Besides, how many bigger groups of militarized anti-fascist groups exists today in the US? I'm not from there, so don't know the situation, but from the outside it seems like mostly people on the right are the ones running the militias over there.
lurk2
> how many bigger groups of militarized anti-fascist groups exists today in the US?

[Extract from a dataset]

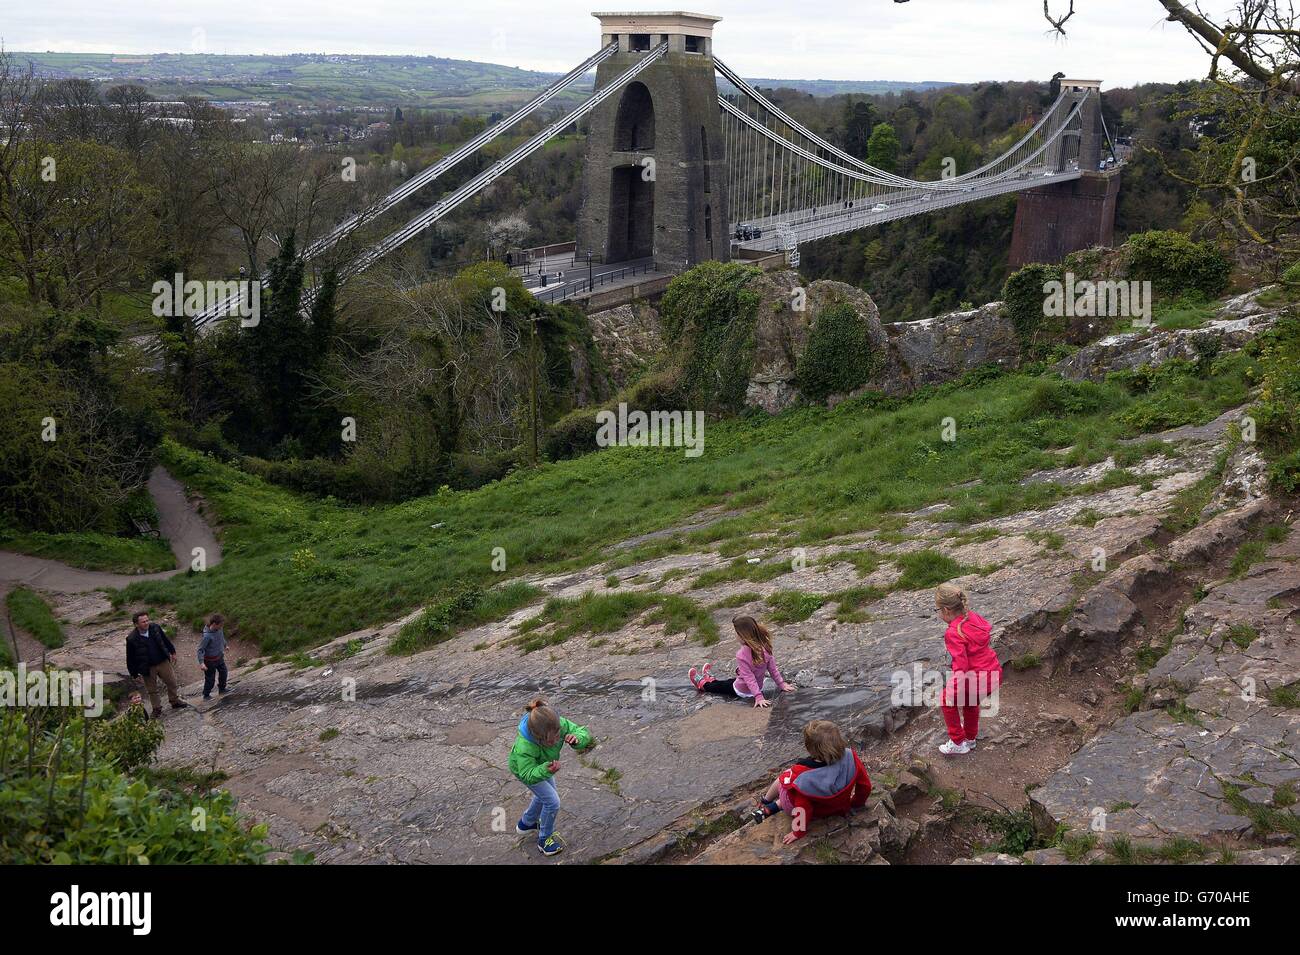 Children slide down a rock seam, worn smooth by repeated use, on the side of a hill, overlooking Clifton Suspension Bridge, Bristol. Stock Photo

They tend to run largely independent scenes from city to city. You'll usually have anywhere from one to a dozen people acting as the core organizers of a given group. The groups range in size from around a dozen people to upwards of four hundred, depending on the city. Some cities might also have multiple groups active at a given time. I don't know what the scenes look like now but around 2018 I can remember at least two independent groups operating out of Portland, for example. These groups are usually no more than a phone tree of people they can mobilize for protests. Organizers may also be in contact with scenes from other cities; it's not uncommon for demonstrators to be bussed in to a protest from another city or state. It's quite rare for these groups to be truly "militarized." They often form violent mobs, but they rarely have any hierarchical structure beyond "leadership" (the organizers) and they don't generally make use of firearms. This has been changing in recent years, and there have been a few high-profile shootings during these demonstrations.
1617432028
I think that this is a leak of a particular right-wing group, not leaks of left-wing groups?
What incident are you referring to where part of the US was occupied with automatic weapons? The closest thing I can think of is the Seattle CHOP/CHAZ/whatever the heck it's called. But AFAIK people there were only open carrying semi-automatic weapons, not fully automatic ones.